What we've been waiting for: the first detailed image of the dwarf planet Pluto.
What magnificent timing! Fifty years from the flyby of Mariner 4 past Mars, NASA's patient deep space probe New Horizons has finally reached its destination and began its studies of Pluto and its moons. Discovered in 1930 by astronomer Clyde Tombaugh, Pluto has orbited an eccentric path around the Sun, sometimes moving inside the orbital path of Neptune! Recently downgraded by the Astronomical Society from a full planet to a dwarf planet (being one of the Kuiper-Belt object series), the surface of Pluto has remained hidden even from the great eyes of the Hubble Telescope.
Liftoff from Launch Complex 41 at Cape Canaveral.

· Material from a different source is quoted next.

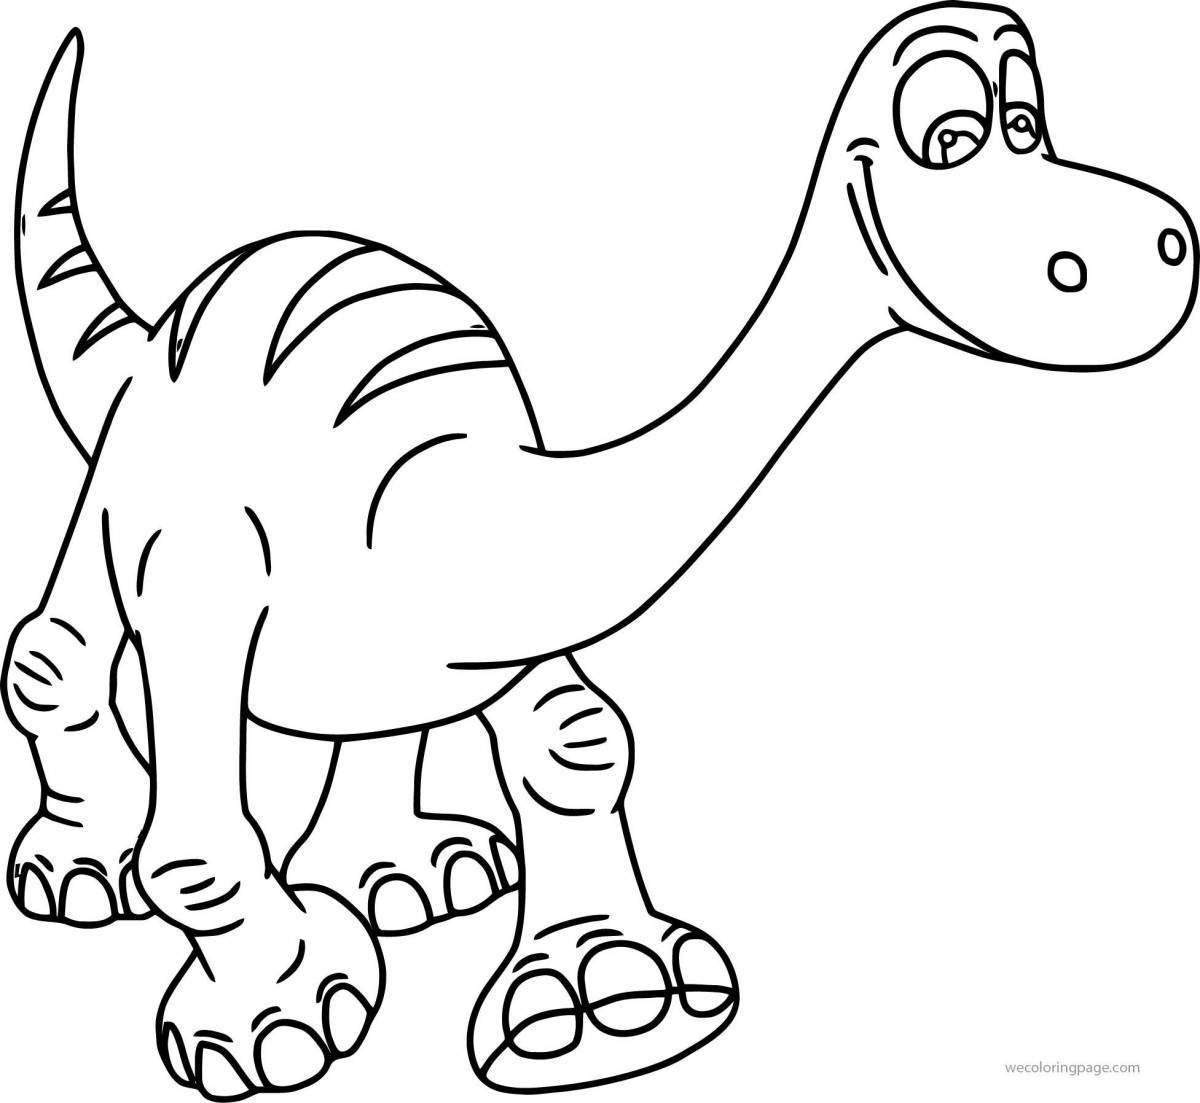 Цветная раскраска динозавров для детей 3-4 лет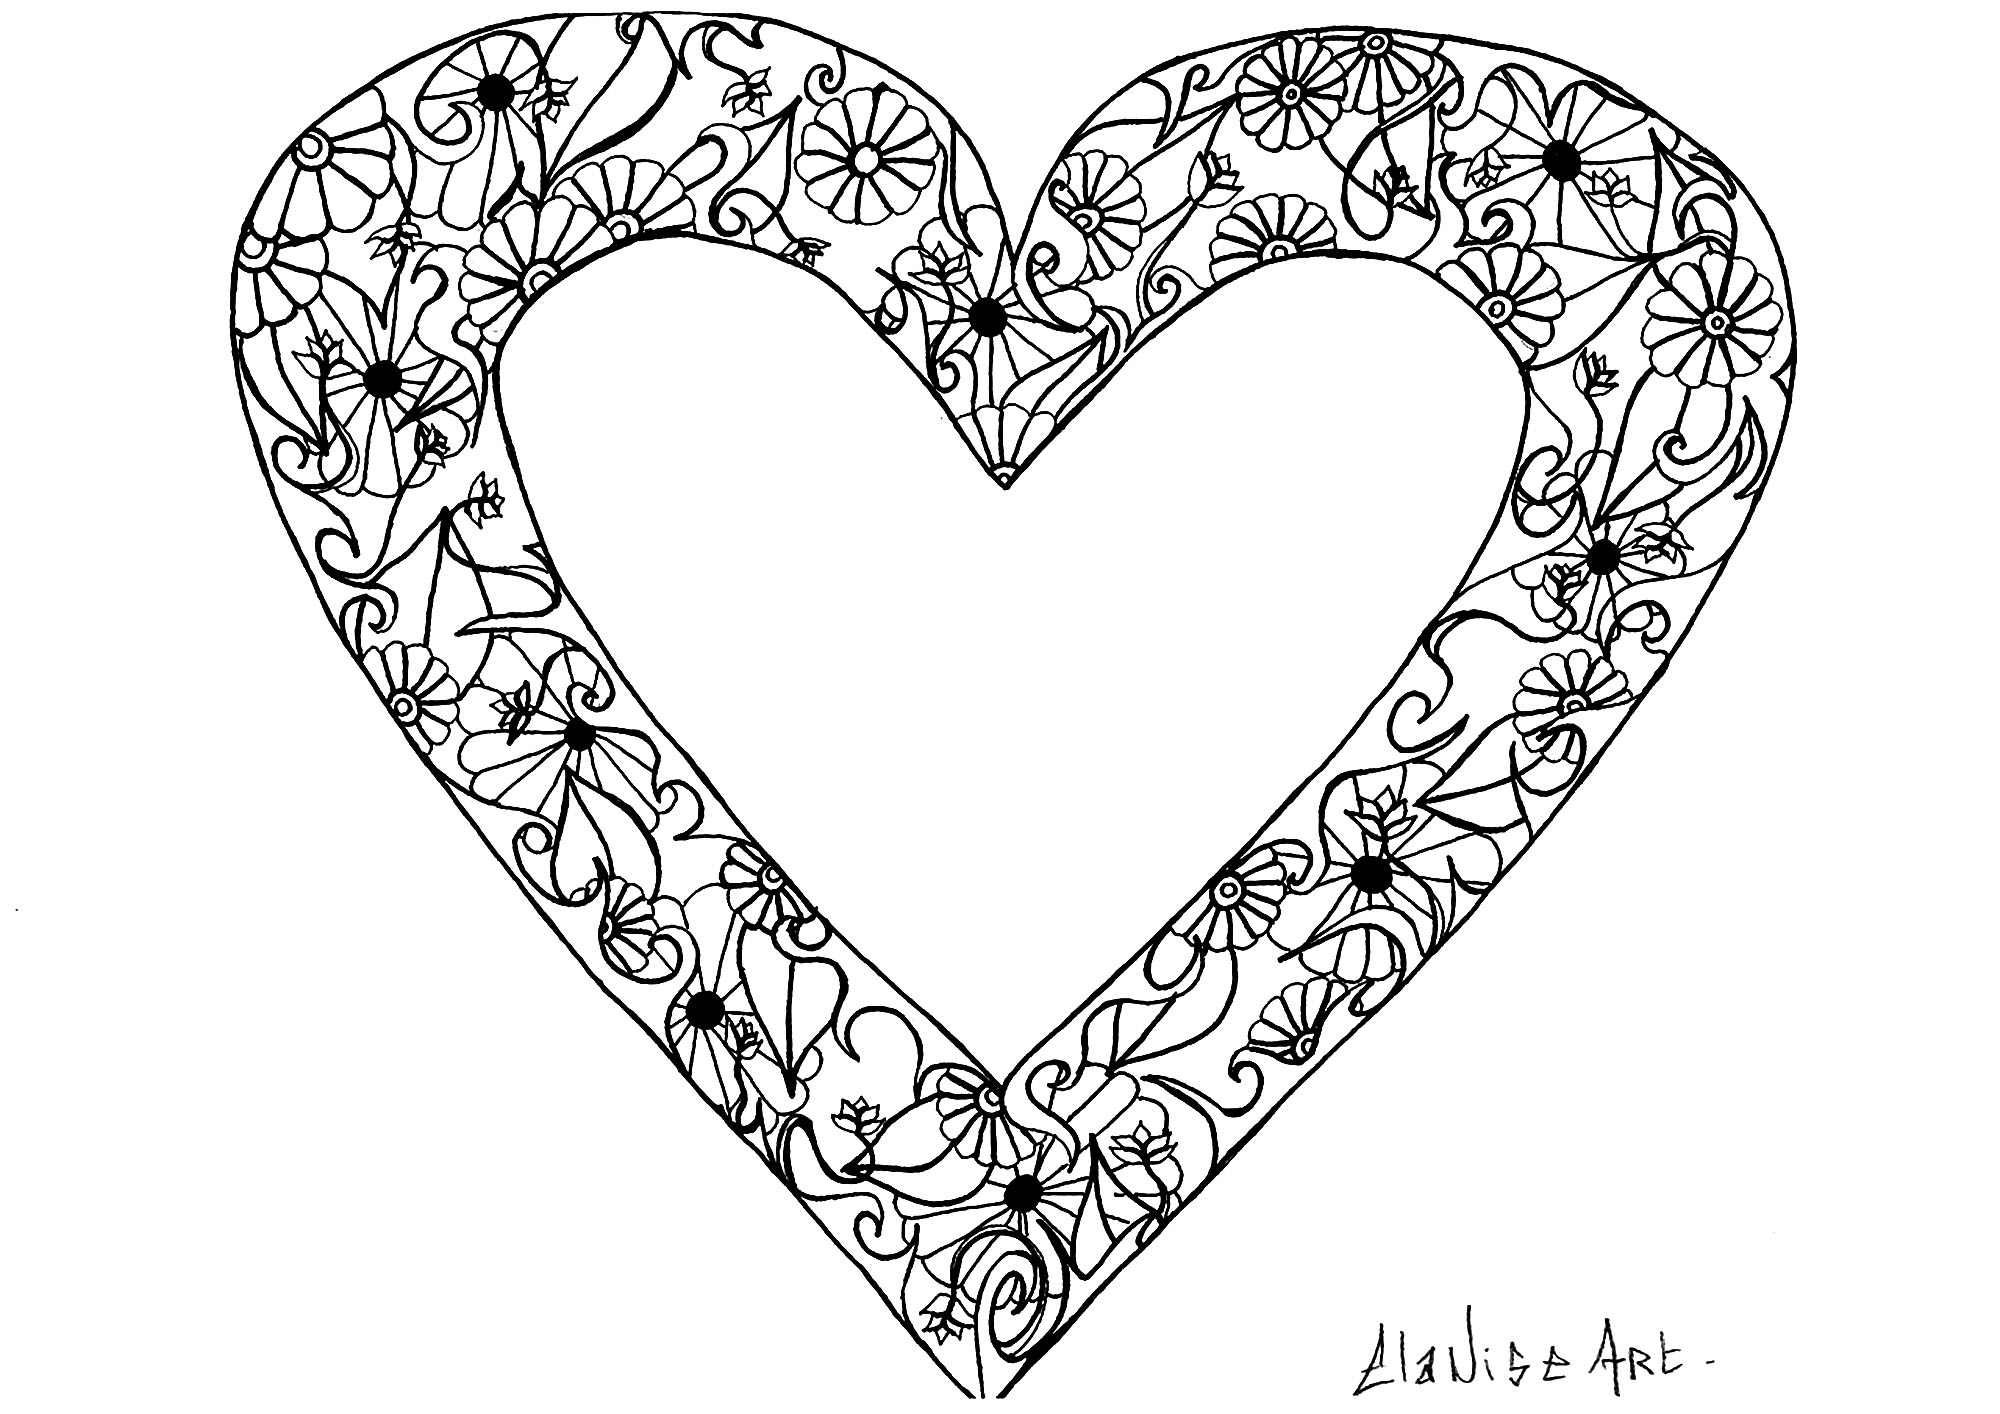 Coole Zeichnung mit einem Herz mit einfachen Blumen und Blättern

The New Horizons spacecraft left Earth on January 19, 2006. During its long voyage, patient mission controllers have monitored the systems and equipment until early this morning when the probe made a flyby at 7,100 miles from the surface. Totally focusing on the imaging mission during the short flyby time, flight controllers earlier had downloaded the best image yet taken in order to provide it to a news-hungry mob of spacecraft supporters and scientists at the John Hopkins Applied Research Lab. Then during the flyby, the spacecraft diligently focused entirely on imaging the planet, expecting to return images to Earth later when the spacecraft was far from the planet.
NASA graphic showing the path of New Horizons through the Pluto system of planet and moons.
The images will be slowly downloaded over the next 16 months. I'll plan to put these on this blog site as we get them, as this is the end of Earth's first reconnaissance of the Solar System. Our next goals will be detailed explorations of the planets and Moons as we search for possible life and valuable mineral deposits.